Do not let IN_PROGRESS block forever.

13. Transaction Boundary

Best case:

process message and record processed_message in same database transaction

Example projection update:

transactionTemplate.executeWithoutResult(tx -> {
    if (!processed.tryInsert(consumer, event.id())) {
        return;
    }

    projectionRepository.upsert(event.caseId(), event.version(), event.payload());
    processed.markCompleted(consumer, event.id());
});

Then commit offset after DB transaction succeeds.
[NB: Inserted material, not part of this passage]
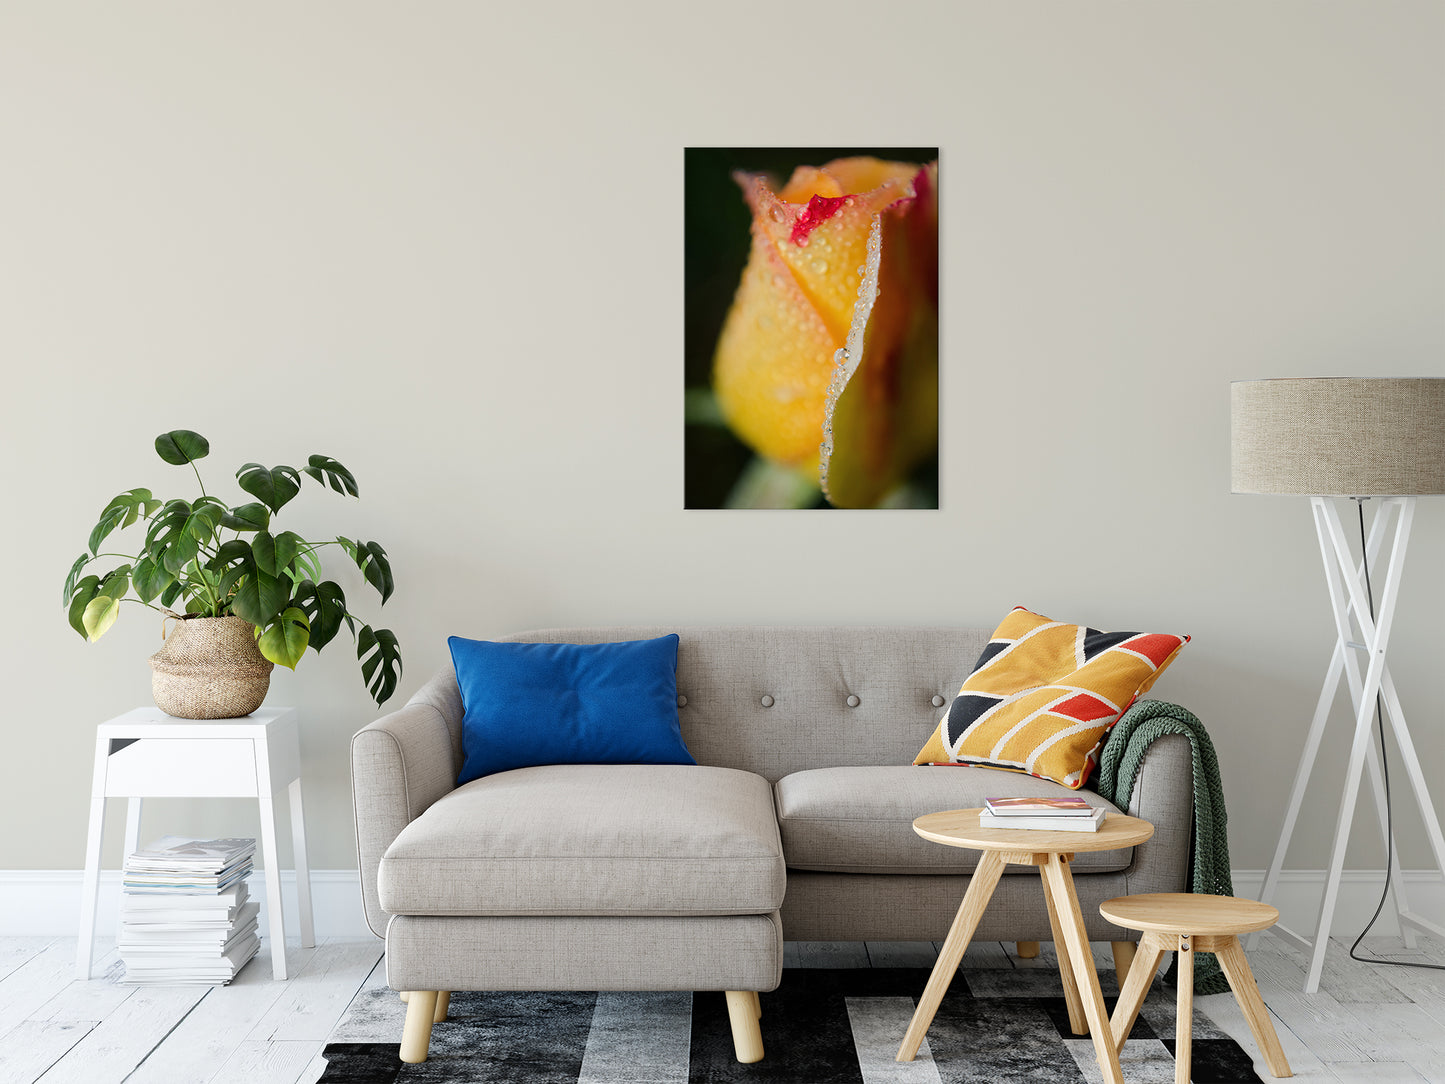 Dew on Yellow Rose Nature / Floral Photo Fine Art Canvas Wall Art Prints 24" x 36" - PIPAFINEART

Crash after DB commit but before offset commit:

message redelivered
processed table says completed
consumer skips

This gives effectively-once effect for database projection.

14. External Side Effects

External side effects are harder.

Example:

sendEmail(event);
markProcessed(event.id());
ack();

Crash after sendEmail before markProcessed:

redelivery -> email may send again

Solutions:

use external provider idempotency key,
store notification intent in DB and send via outbox,
use unique notification ID,
make provider call deduplicated,
accept duplicate if business allows,
require manual reconciliation.

For critical side effects, prefer outbox-style durable intent.

15. Retry Semantics

Message retry must distinguish:

transient failure,
deterministic poison message,
dependency outage,
rate limit,
business precondition,
schema incompatibility,
authorization failure.

Bad:

retry forever

Bad:

DLQ immediately on first transient DB timeout

Better:

bounded retry with backoff
then DLQ/parking for terminal or exhausted messages

Retry policy:

retry:
  maxAttempts: 5
  initialDelayMs: 1000
  maxDelayMs: 60000
  jitter: true
  retryable:
    - DATABASE_TIMEOUT
    - DEPENDENCY_UNAVAILABLE
    - RATE_LIMITED
  nonRetryable:
    - SCHEMA_INVALID
    - AUTHORIZATION_FAILED
    - UNKNOWN_EVENT_TYPE

16. Retry Topics vs Blocking Partition

If processing a message fails, you can:

Block and retry in place

Pros:

preserves ordering,
simple.

Cons:

one poison message blocks partition,
lag grows.

Move to retry topic with delay

Pros:

main flow continues,
backoff easier,
poison isolated.

Cons:

ordering may be broken,
complexity,
duplicates/reordering.

DLQ/parking lot

Pros:

prevents infinite blocking,
manual remediation.

Cons:

message not processed automatically,
business process may be incomplete.

Ordering requirements decide.

17. Dead-Letter Queue / Topic

DLQ stores messages that could not be processed.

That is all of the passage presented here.